In vivo imaging of chronic active lesions in multiple sclerosis

Alberto Calvi, Lukas Haider, Ferran Prados, Carmen Tur, Declan Chard, Frederik Barkhof, Alberto Calvi, Lukas Haider, Ferran Prados, Carmen Tur, Declan Chard, Frederik Barkhof

Abstract

New clinical activity in multiple sclerosis (MS) is often accompanied by acute inflammation which subsides. However, there is growing evidence that a substantial proportion of lesions remain active well beyond the acute phase. Chronic active lesions are most frequently found in progressive MS and are characterised by a border of inflammation associated with iron-enriched cells, leading to ongoing tissue injury. Identifying imaging markers for chronic active lesions in vivo are thus a major research goal. We reviewed the literature on imaging of chronic active lesion in MS, focussing on 'slowly expanding lesions' (SELs), detected by volumetric longitudinal magnetic resonance imaging (MRI) and 'rim-positive' lesions, identified by susceptibility iron-sensitive MRI. Both SELs and rim-positive lesions have been found to be prognostically relevant to future disability. Little is known about the co-occurrence of rims around SELs and their inter-relationship with other emerging techniques such as dynamic contrast enhancement (DCE) and positron emission tomography (PET).

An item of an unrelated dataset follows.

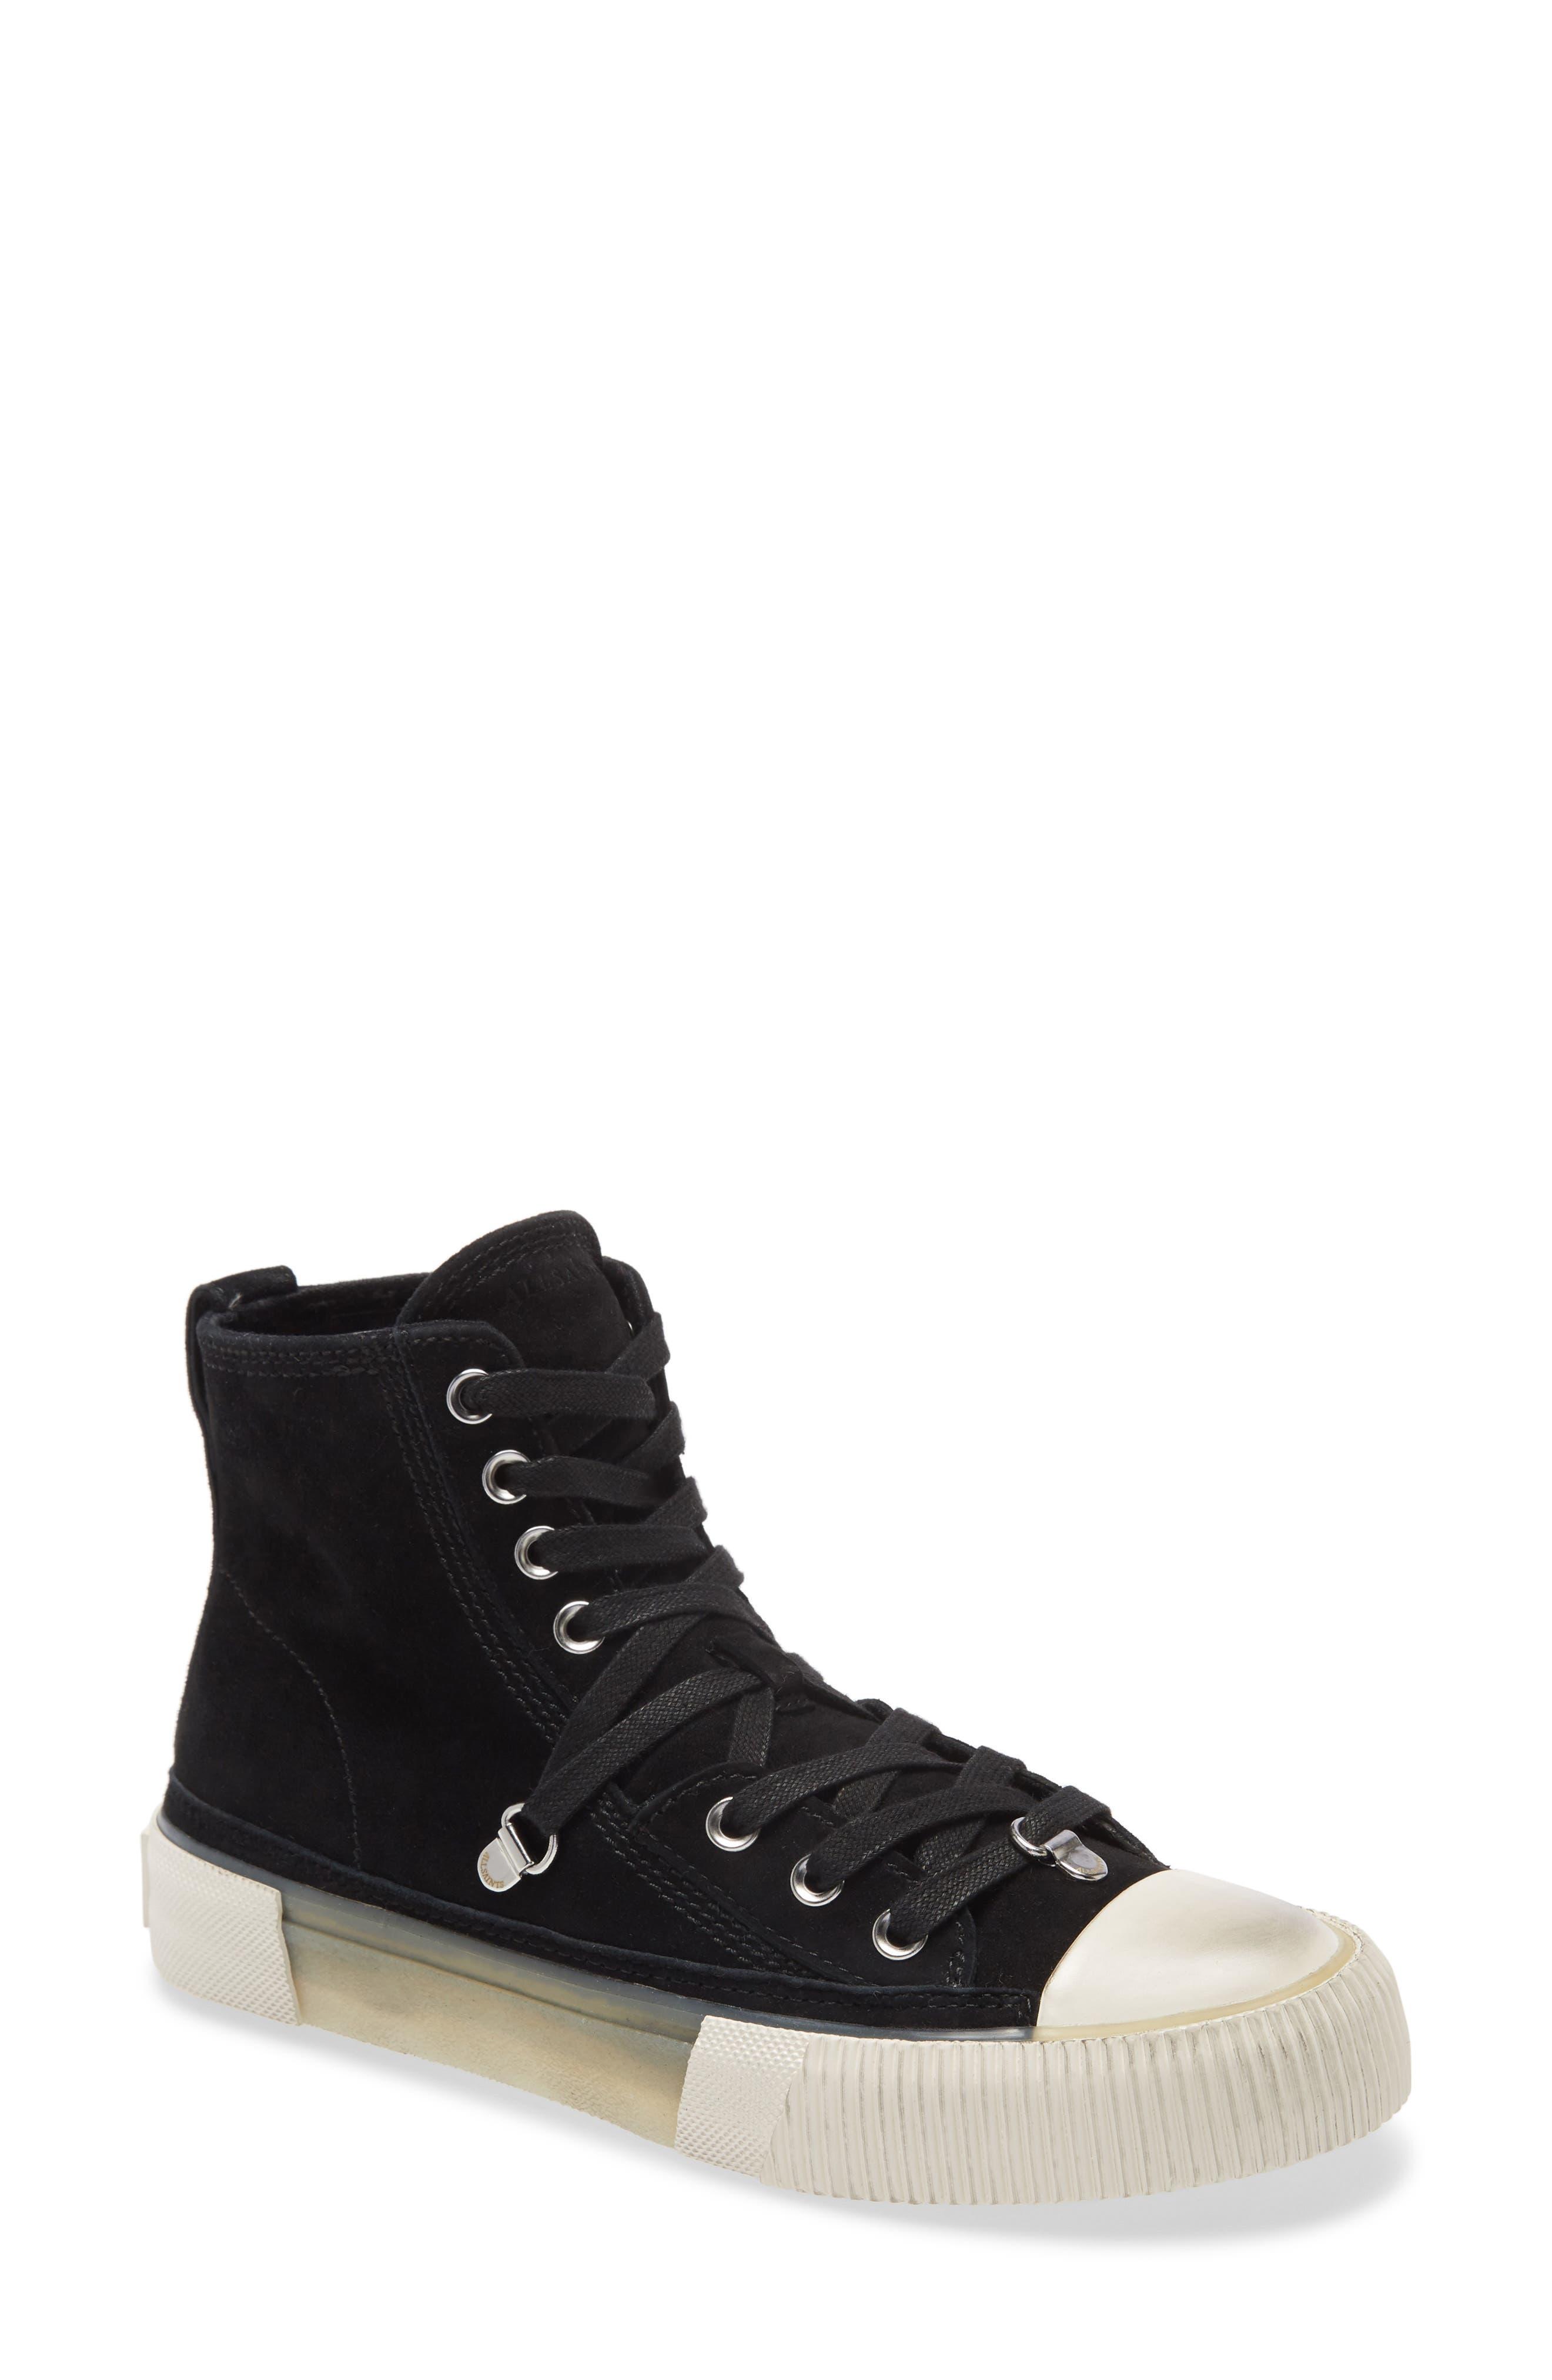 Image of ALLSAINTS Elena High Top Suede Sneaker

Keywords: Multiple sclerosis; chronic active lesions; imaging; magnetic resonance imaging; positron emission tomography.

Conflict of interest statement

Declaration of Conflicting Interests: The author(s) declared the following potential conflicts of interest with respect to the research, authorship, and/or publication of this article: F.P. received a non-clinical Guarantors of the Brain fellowship. C.T. has received an ECTRIMS Post-doctoral Research Fellowship in 2015. She has also received honoraria and support from travelling from Merck Serono, Sanofi, Roche, TEVA Pharmaceuticals, Novartis, Biogen, Bayer and Ismar Healthcare. D.C. is a consultant for Biogen and Hoffmann-La Roche. In the last 2 years, he has received research funding from the International Progressive MS Alliance, the MS Society and the National Institute for Health Research (NIHR) University College London Hospitals (UCLH) Biomedical Research Centre. F.B. serves on the editorial boards of Brain, European Radiology, Journal of Neurology, Neurosurgery & Psychiatry, Neurology, Multiple Sclerosis and Neuroradiology and serves as a consultant for Bayer Schering Pharma, Sanofi-Aventis, Biogen-Idec, TEVA Pharmaceuticals, Genzyme, Merck Serono, Novartis, Roche, Synthon, Jansen Research and Lundbeck.

Figures

Figure 1.
Figure 1.
Chronic active lesion pathology-imaging features: Panel (a) shows a cartoon of the iron deposition at the edge of a chronic active lesion and panel (b) shows an example of a hypointense rim on a susceptibility-weighted scan probably reflecting iron. Panel (c) shows a cartoon of activated microglia/macrophages in the periphery of a chronic active lesion and we assume that this inflammatory activity is responsible for low expansion of SEL lesion visible in (d).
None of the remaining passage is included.